*** Opening of DATA EXTRACT ***

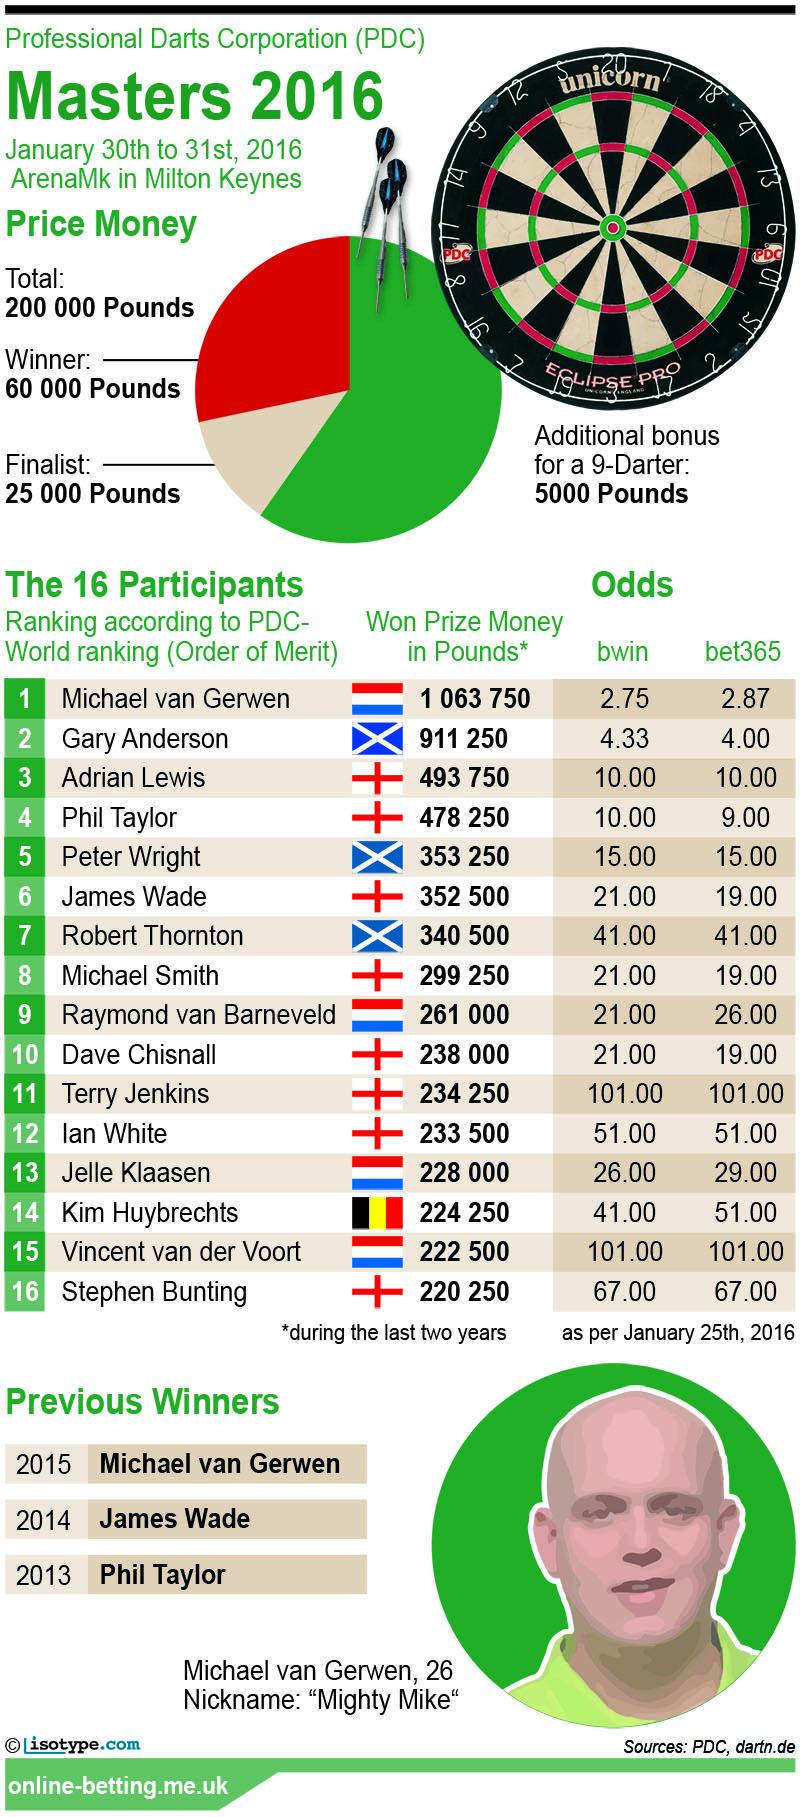 PDC Darts Masters 2016
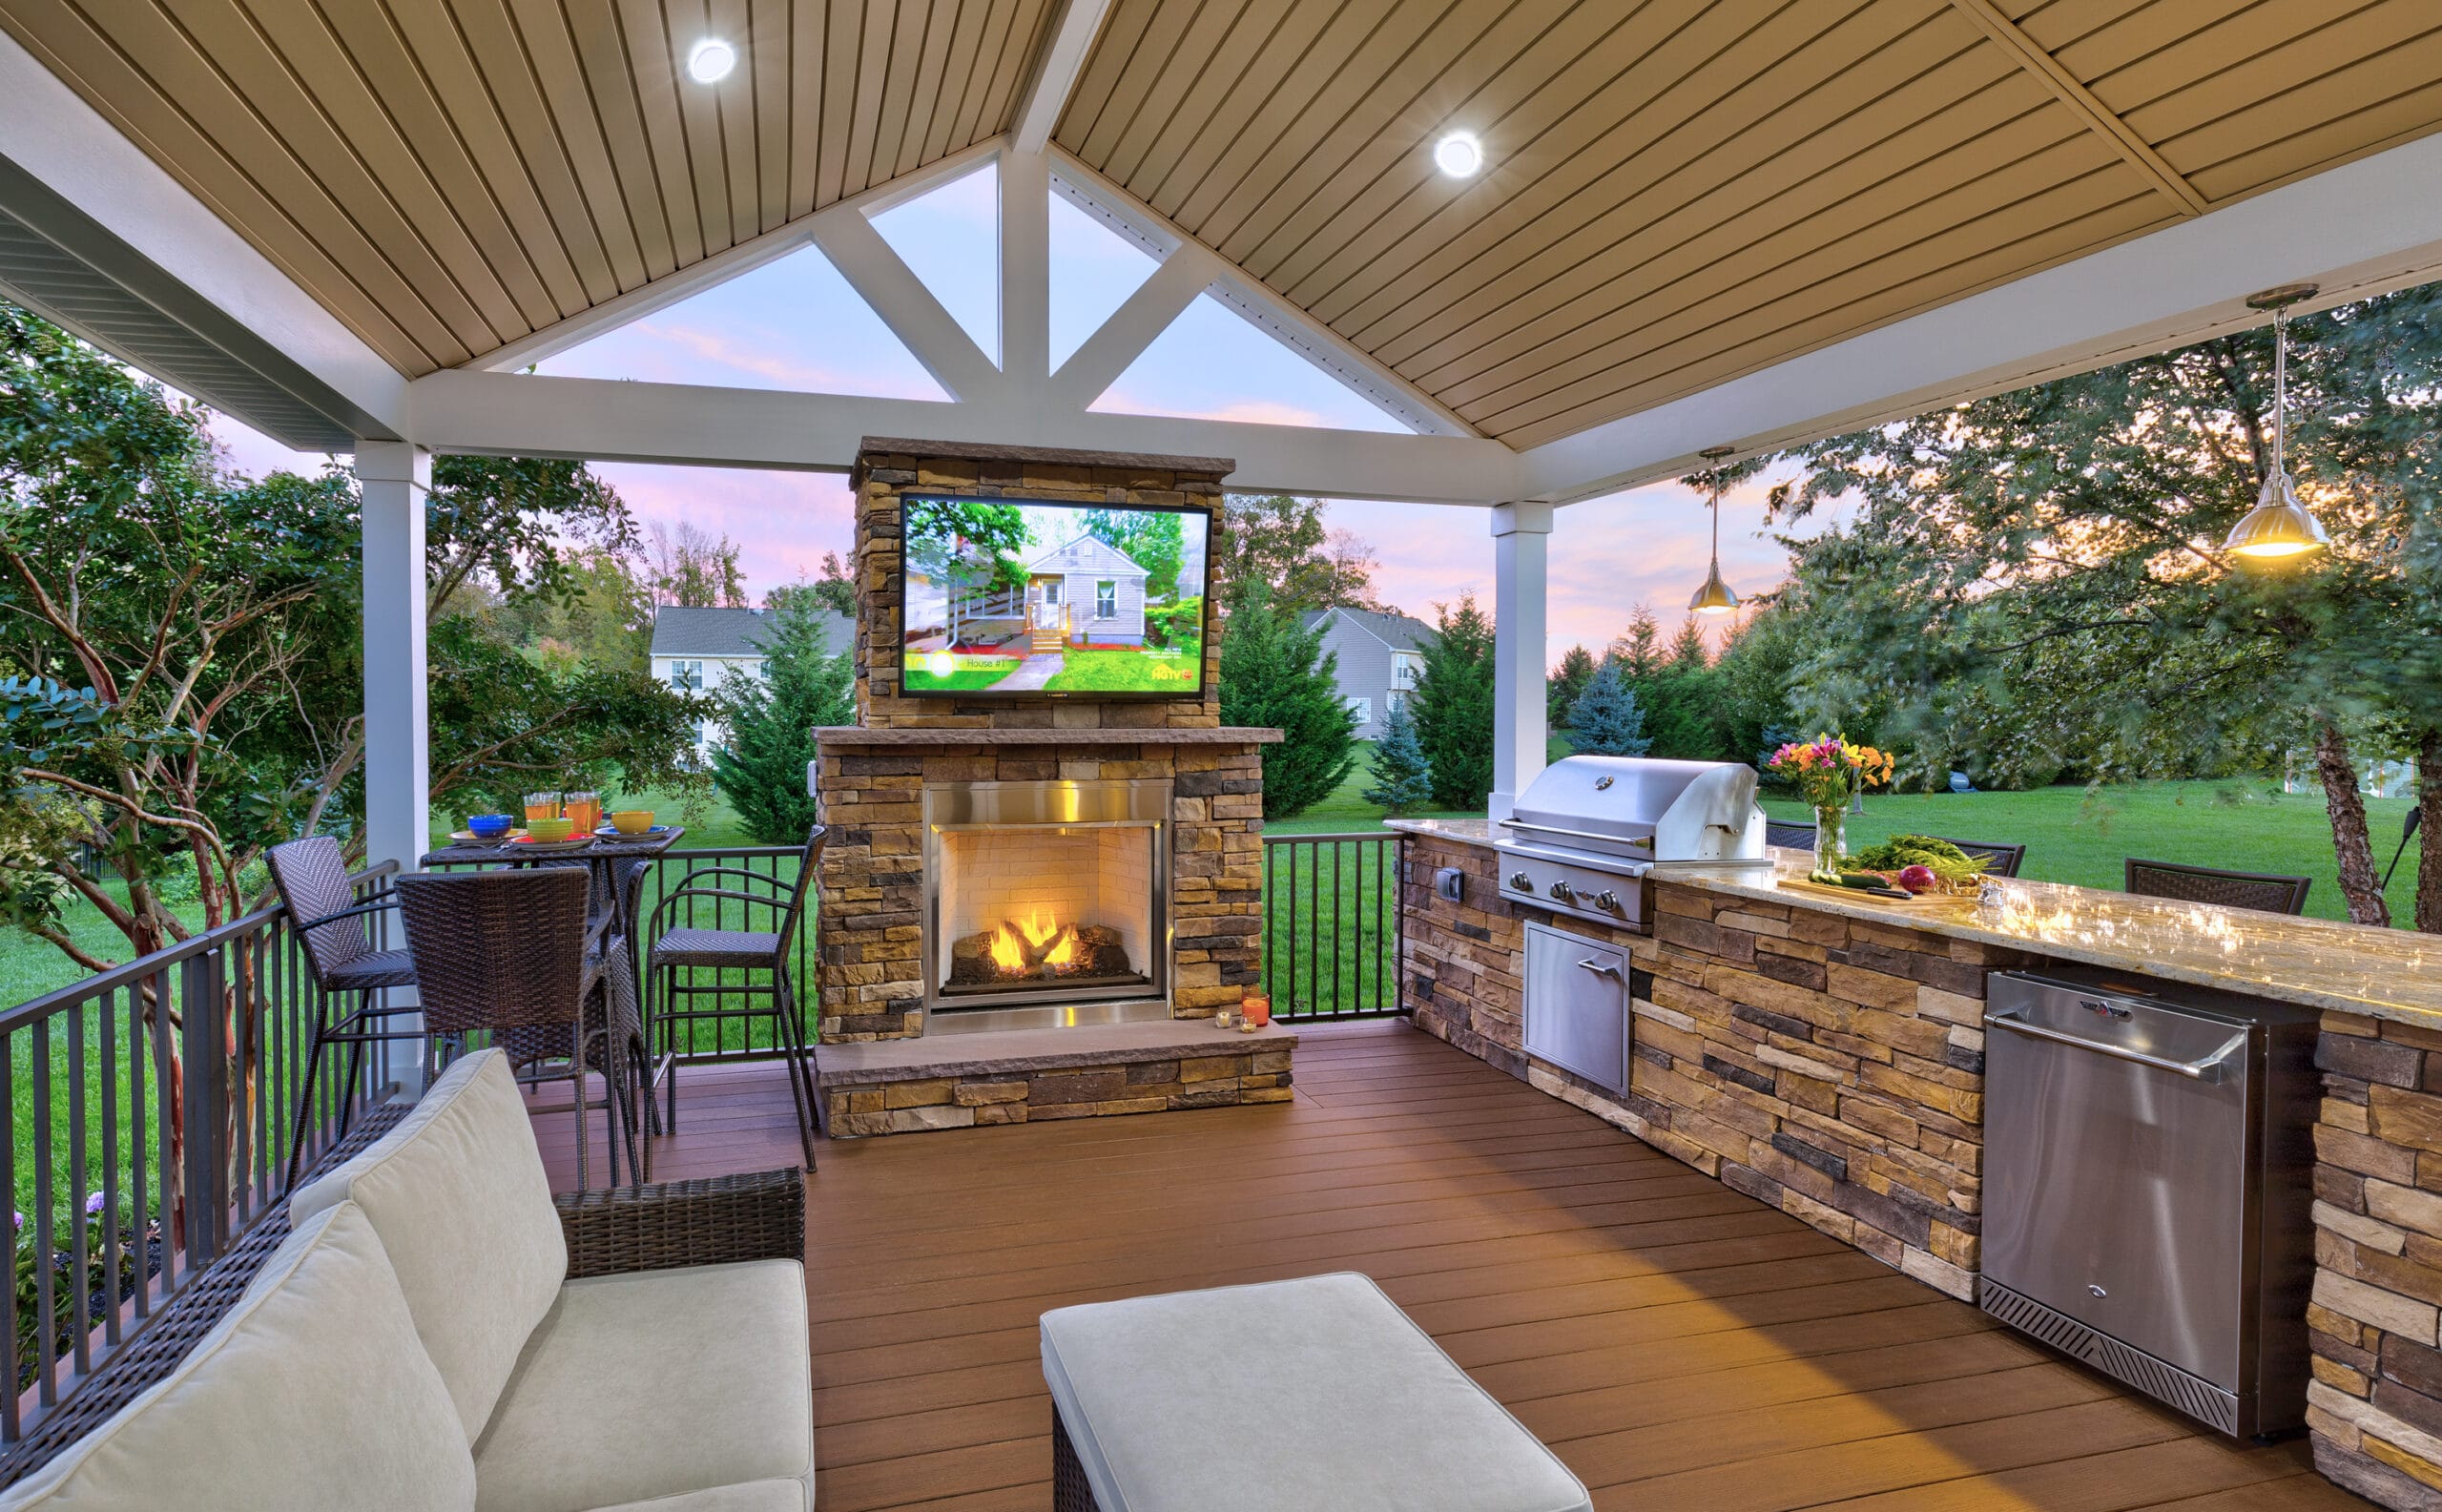 Luxury outdoor space equipped with appliances, sofa, television, and fireplace.
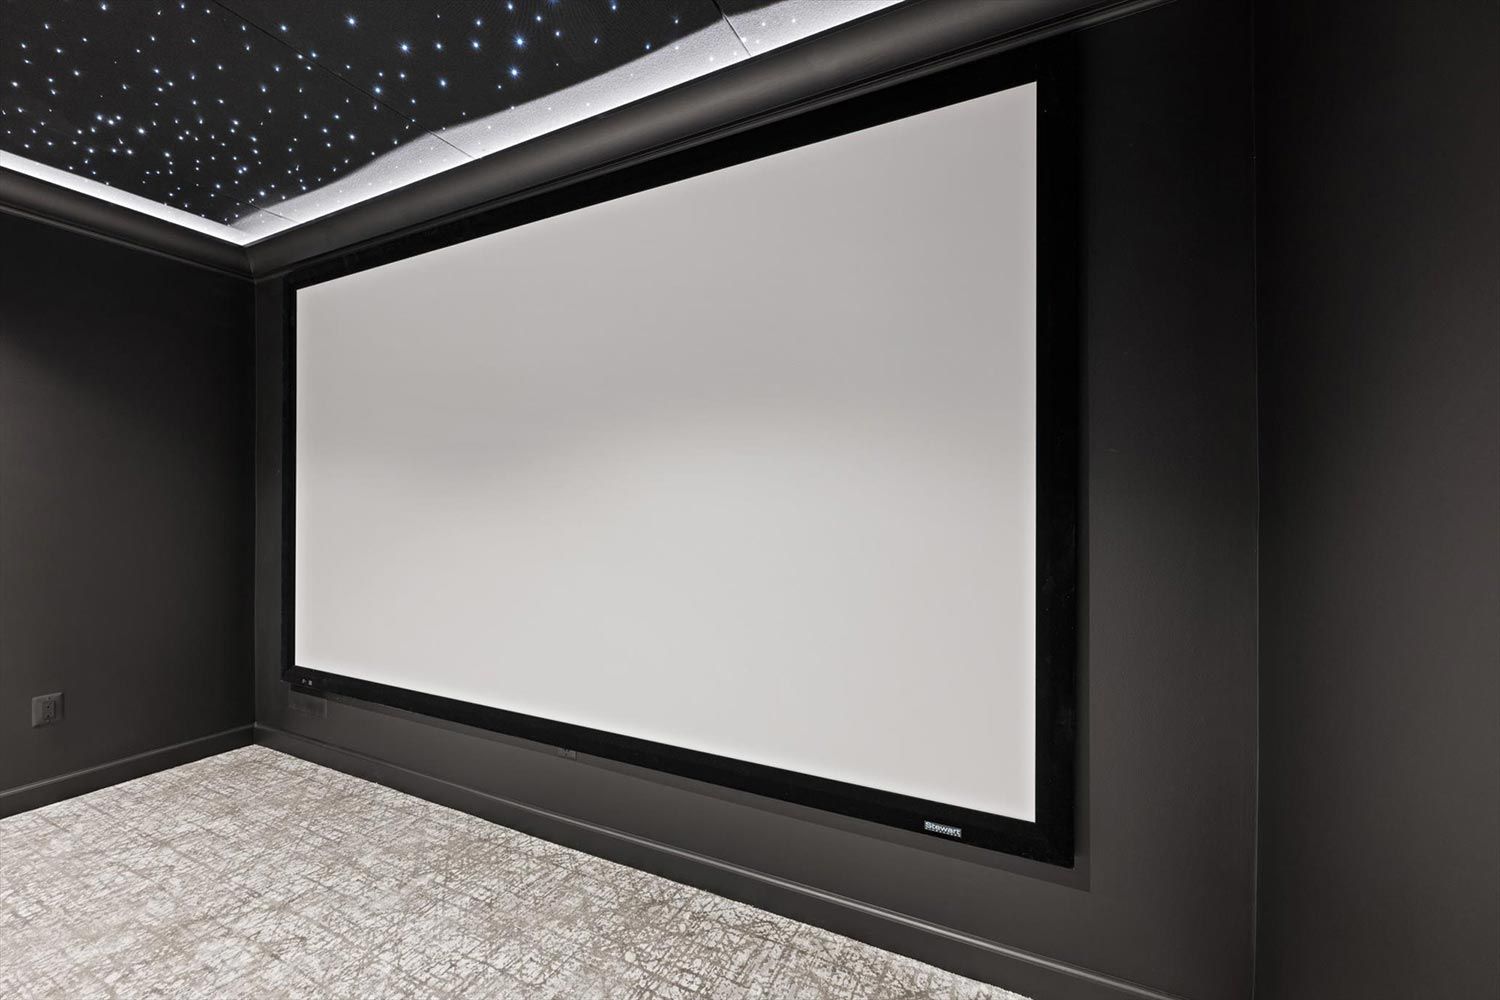 Spacious home theater room with a large projection screen, complemented by a ceiling that mimics a star-filled sky, creating an immersive viewing experience.
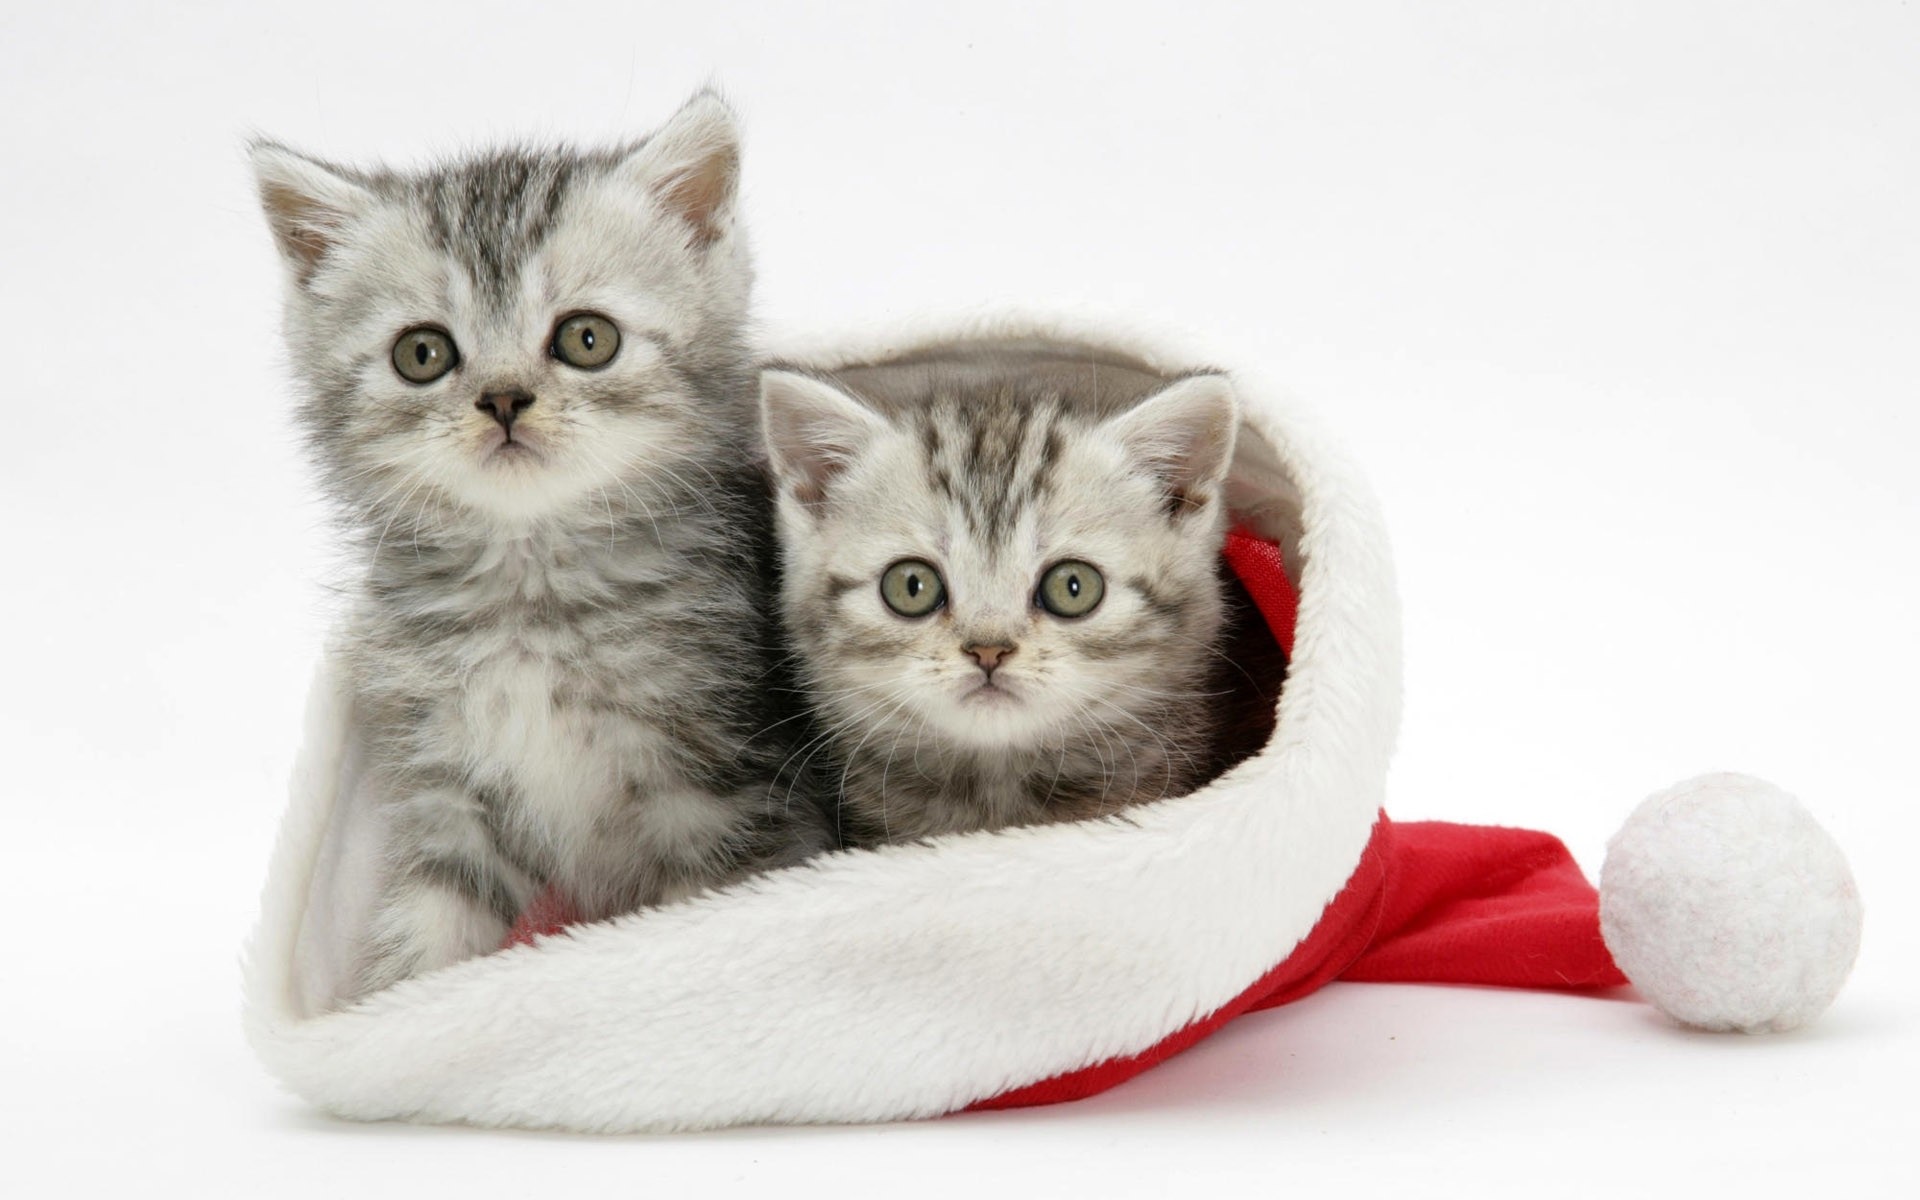 Wallpaper For Cats With White Cats Christmas Wallpaper - Cat Images Hd Download - HD Wallpaper

*** Close of DATA EXTRACT ***

_ACTIVITY:_ Copy all of the material word for word, and include none of its pictures.

_OUTPUT:_
 PDC Darts Masters 2016
 Luxury outdoor space equipped with appliances, sofa, television, and fireplace.
 Spacious home theater room with a large projection screen, complemented by a ceiling that mimics a star-filled sky, creating an immersive viewing experience.
 Wallpaper For Cats With White Cats Christmas Wallpaper - Cat Images Hd Download - HD Wallpaper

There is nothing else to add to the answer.